# WHAT IS BEING ASKED:
Retype each line of the material below word for word; pictures stay out.

# SUPPLIED INFORMATION:
::::

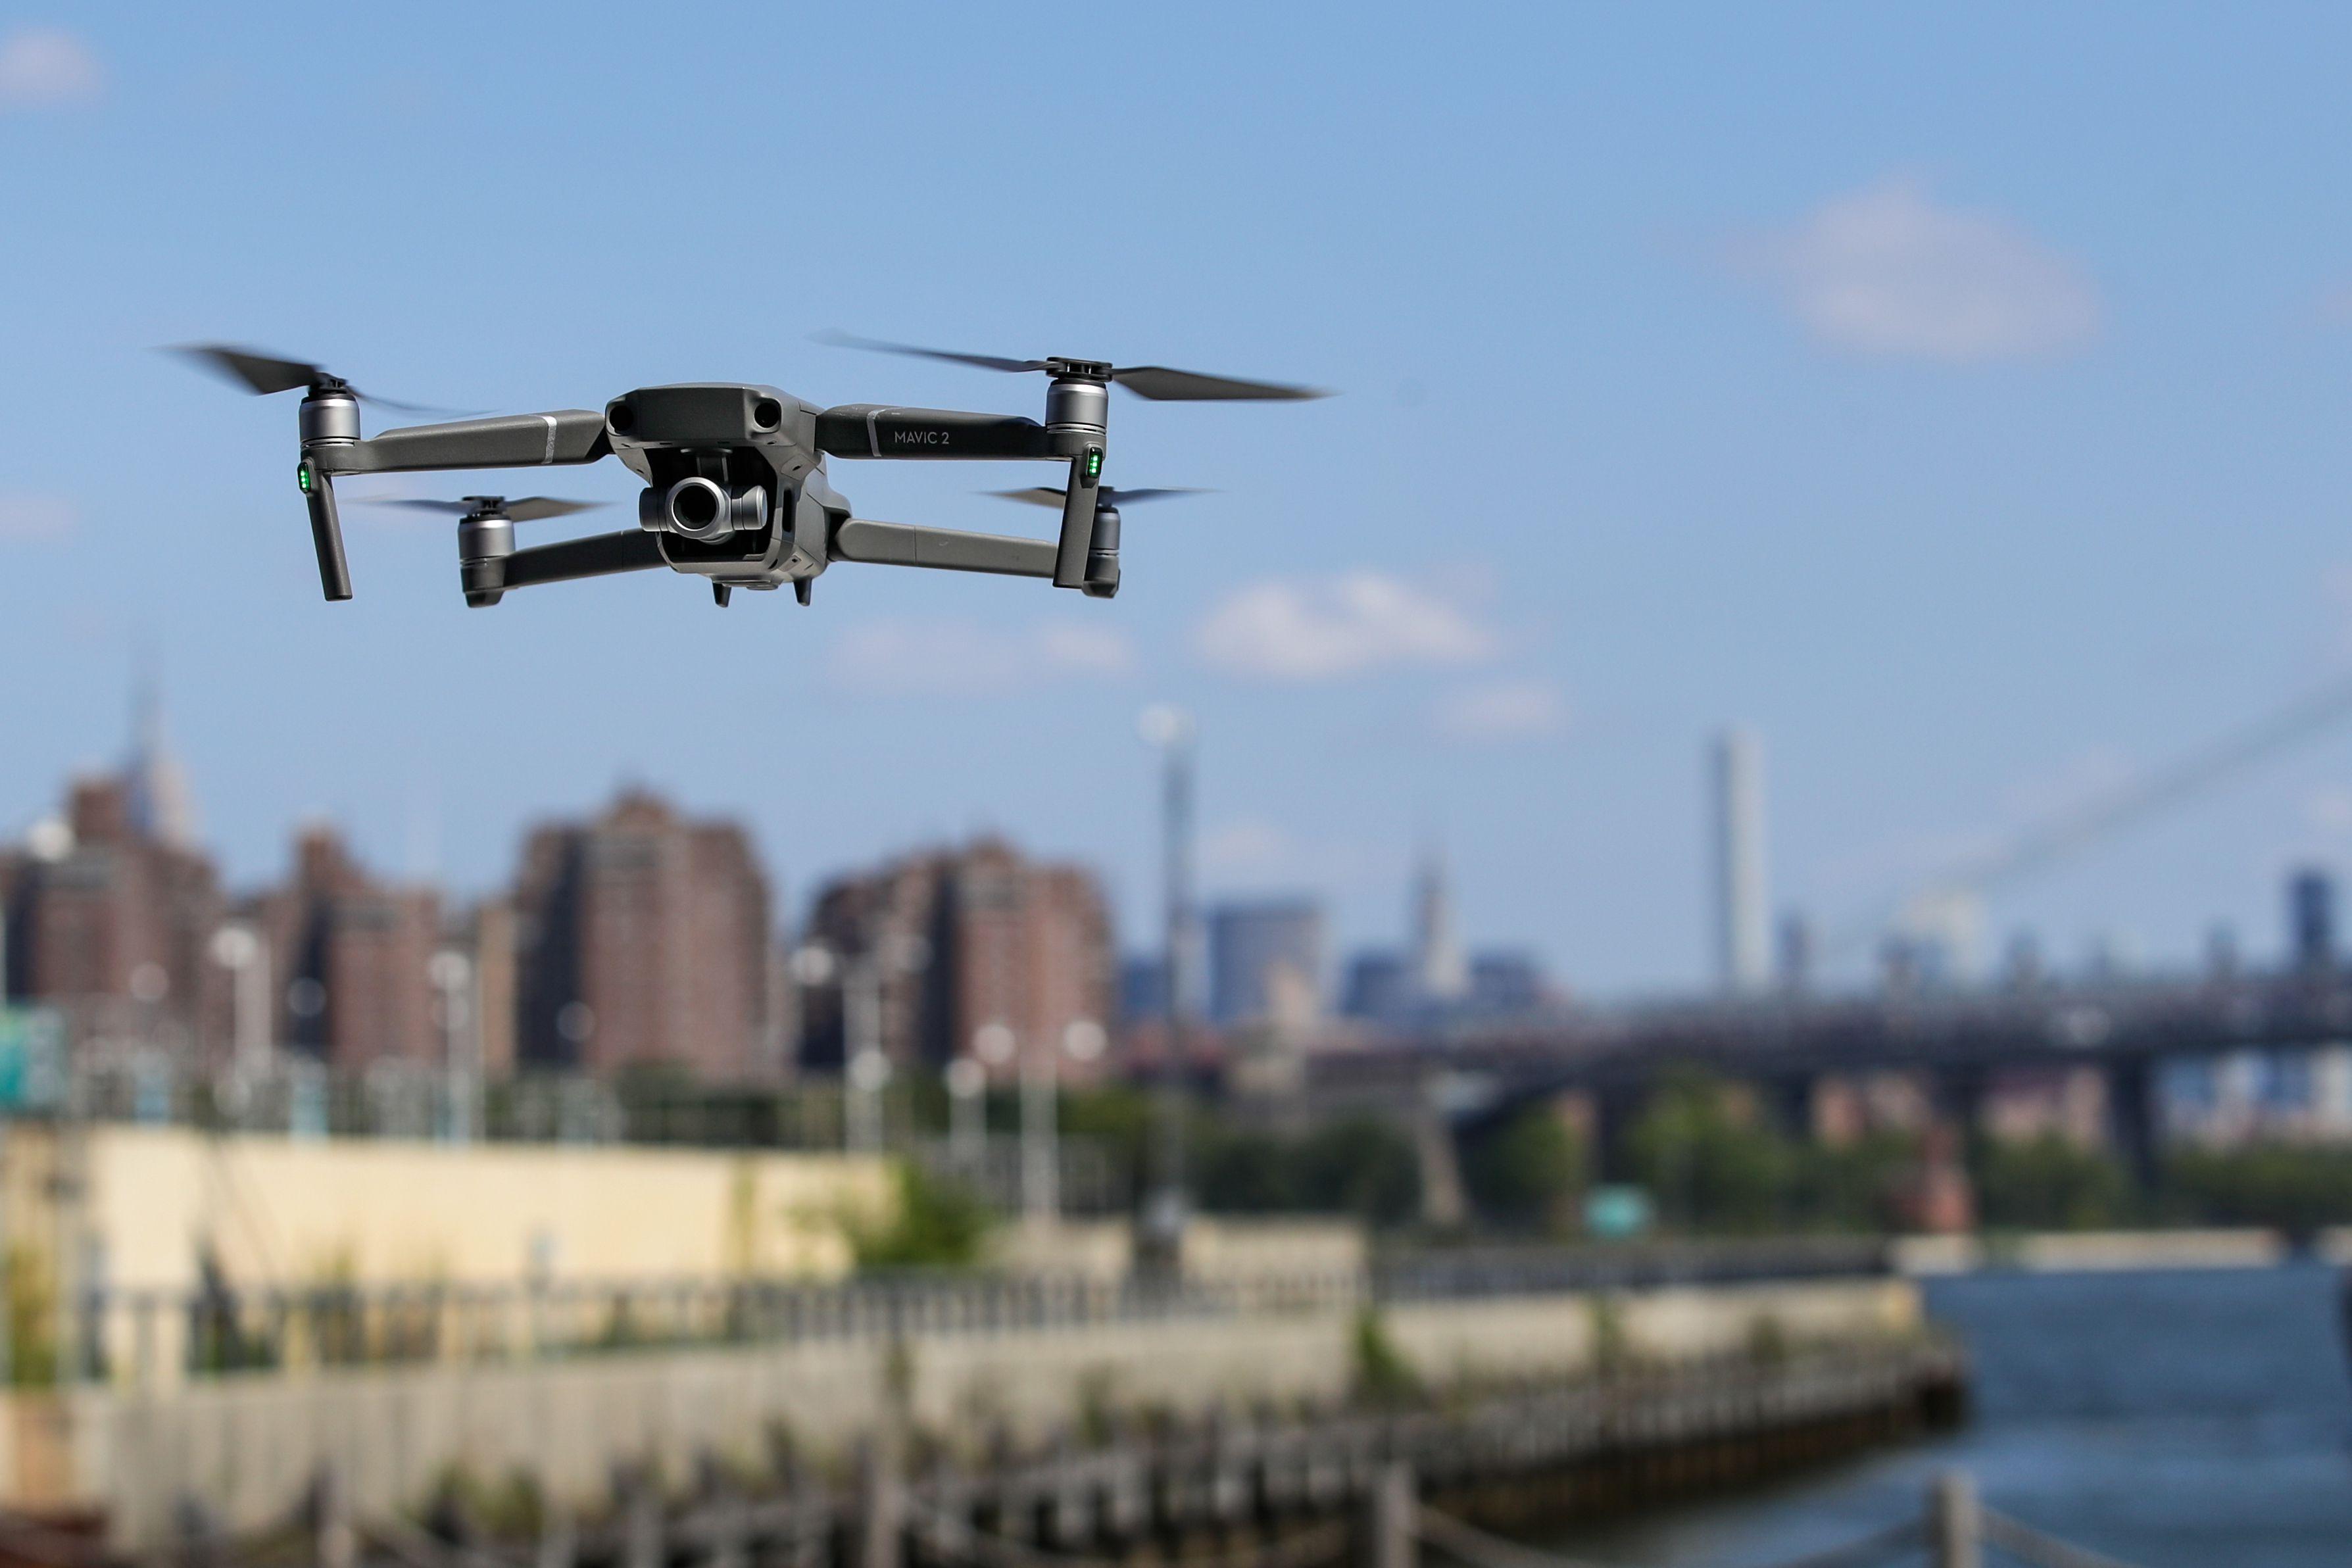 Man shoot down drone Long Island NY
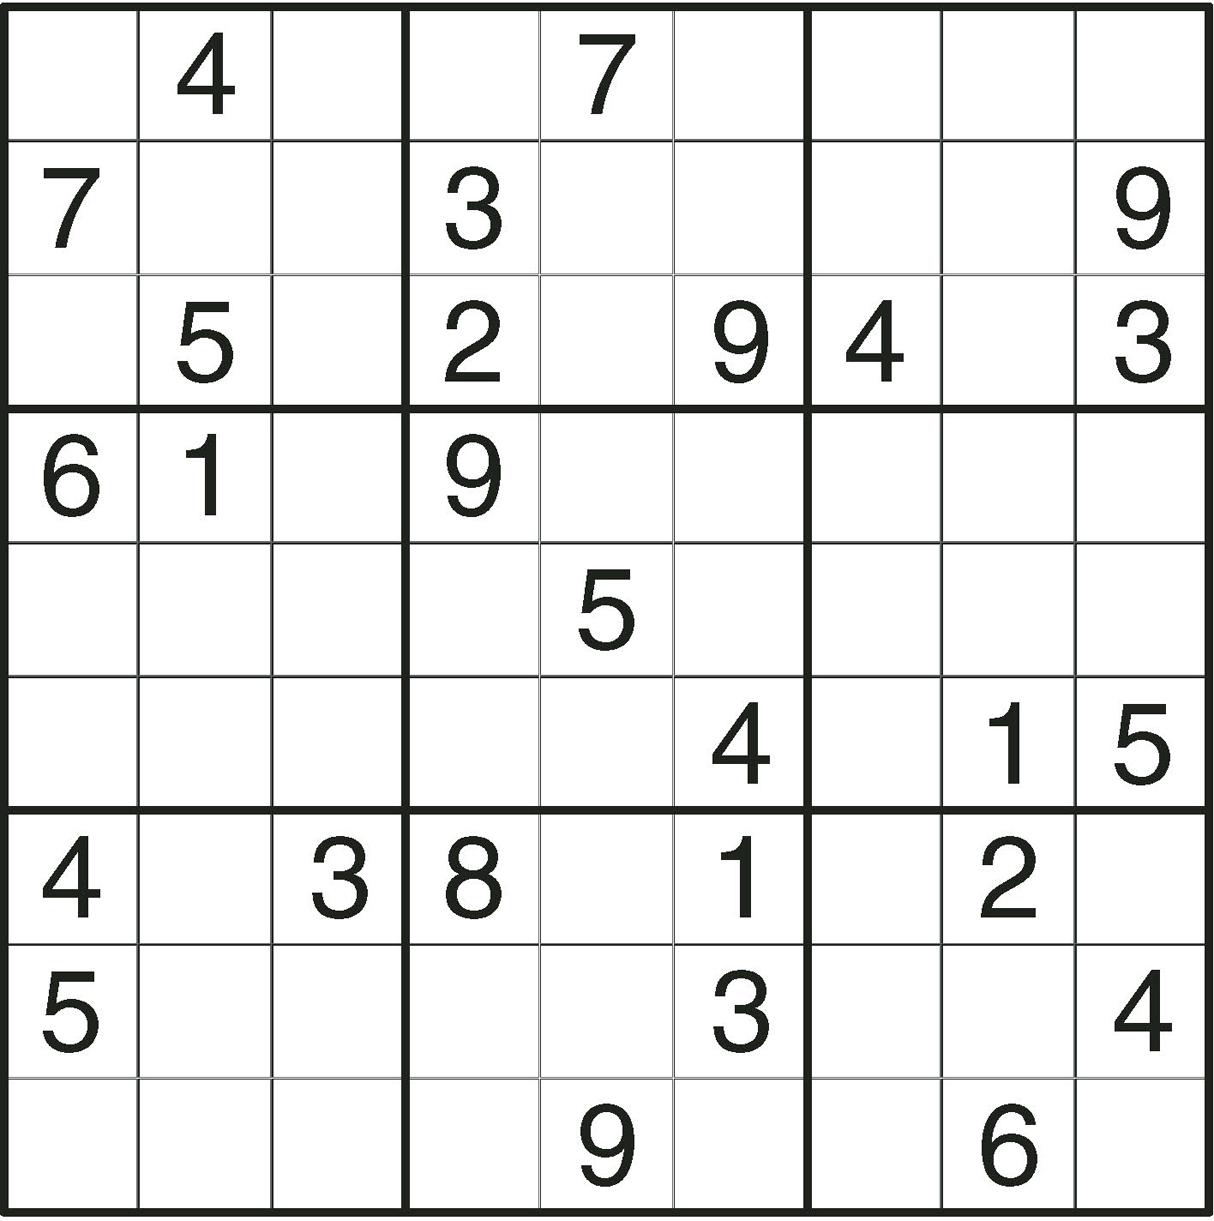 Comment Jouer Au Sudoku En Ligne destiné Comment Jouer Sudoku
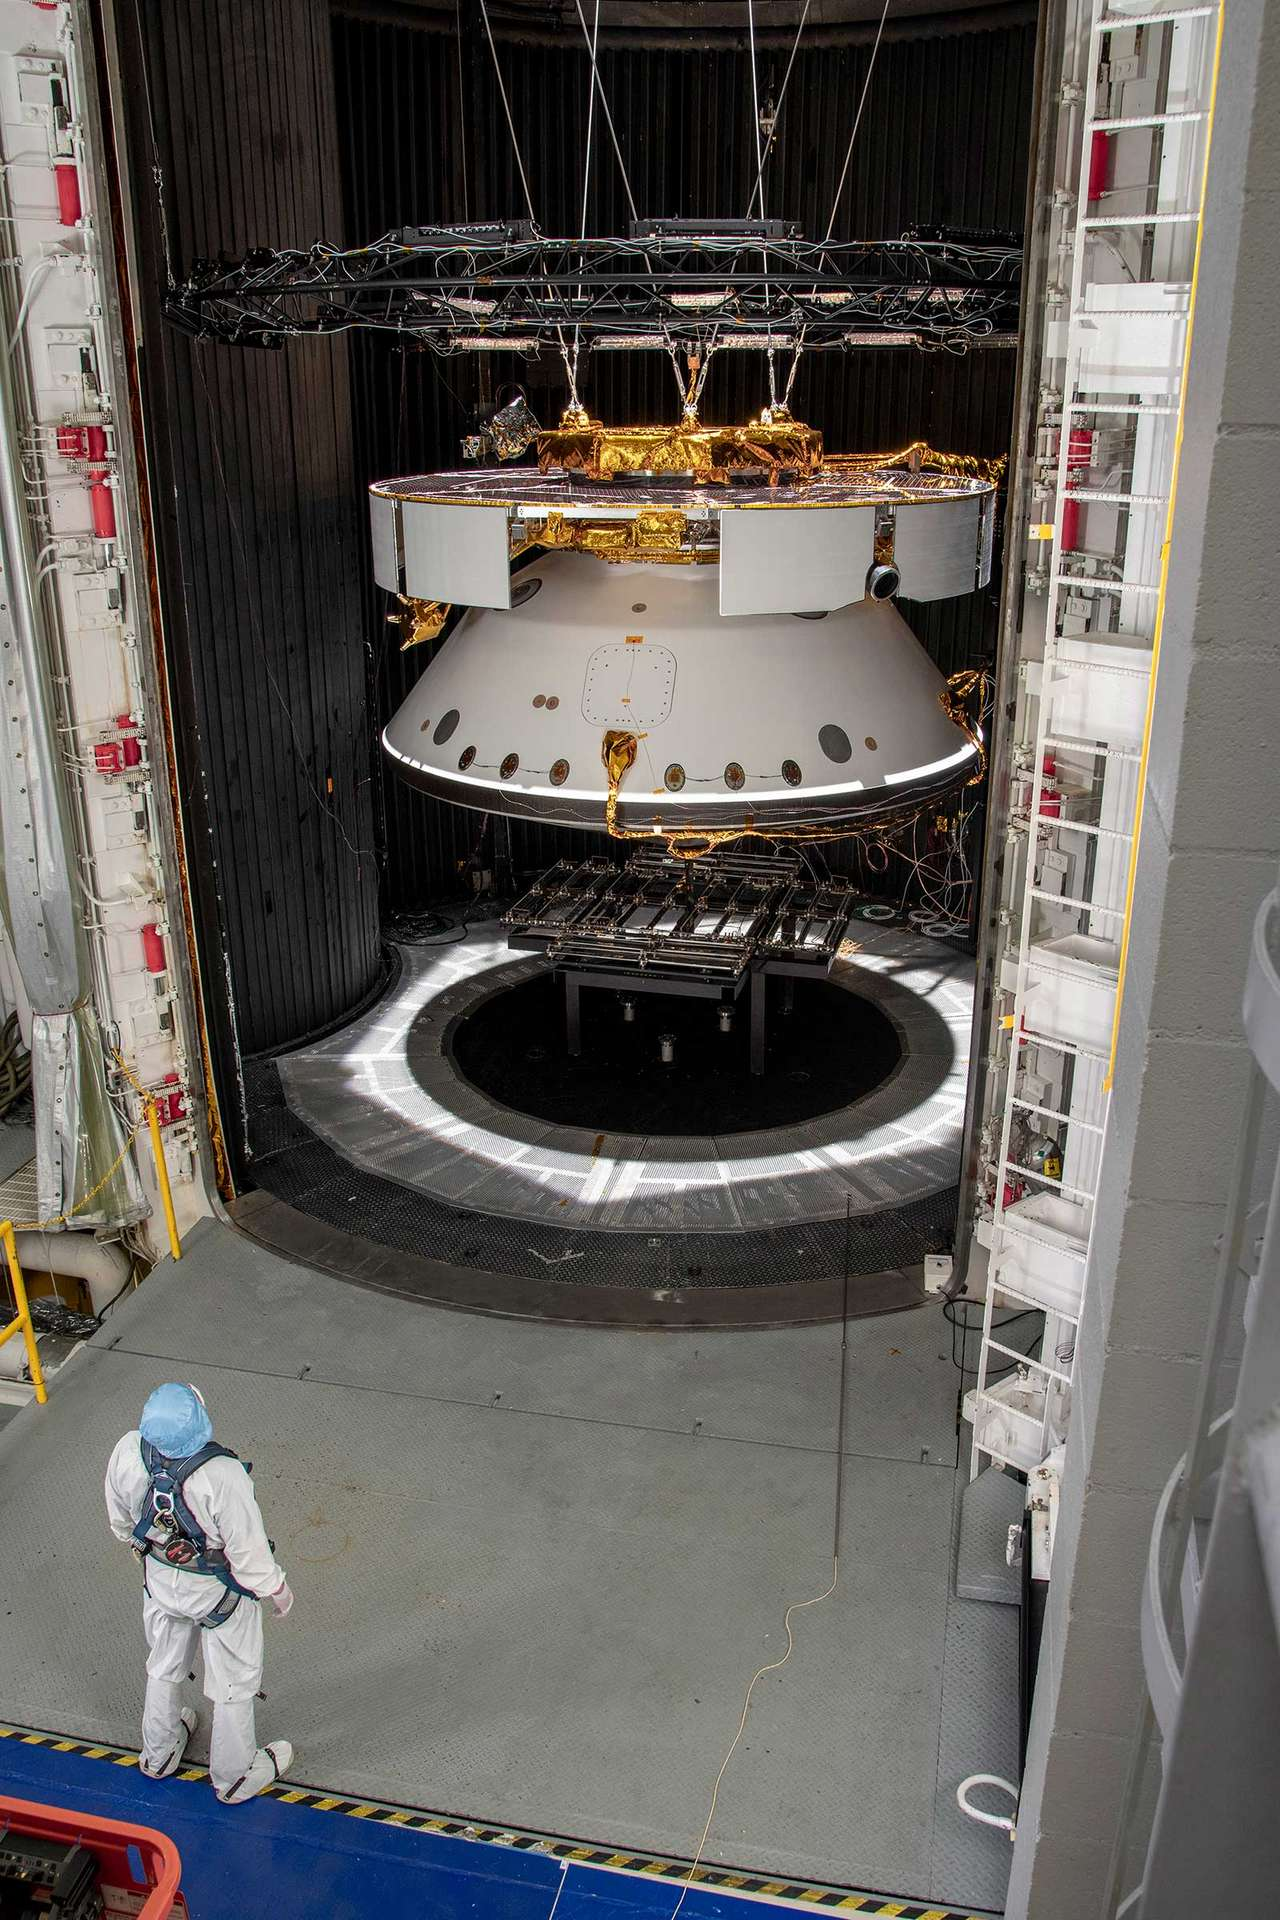 Un ingénieur du Jet Propulsion Laboratory (JPL) inspecte la sonde spatiale de la mission Mars 2020 qui patiente ici dans une chambre de simulation spatiale le 9 mai 2019, en attendant d'y être testée. © NASA JPL/CalTech.

::::

# OUTPUT BELOW:
 Man shoot down drone Long Island NY
 Comment Jouer Au Sudoku En Ligne destiné Comment Jouer Sudoku
 Un ingénieur du Jet Propulsion Laboratory (JPL) inspecte la sonde spatiale de la mission Mars 2020 qui patiente ici dans une chambre de simulation spatiale le 9 mai 2019, en attendant d'y être testée. © NASA JPL/CalTech.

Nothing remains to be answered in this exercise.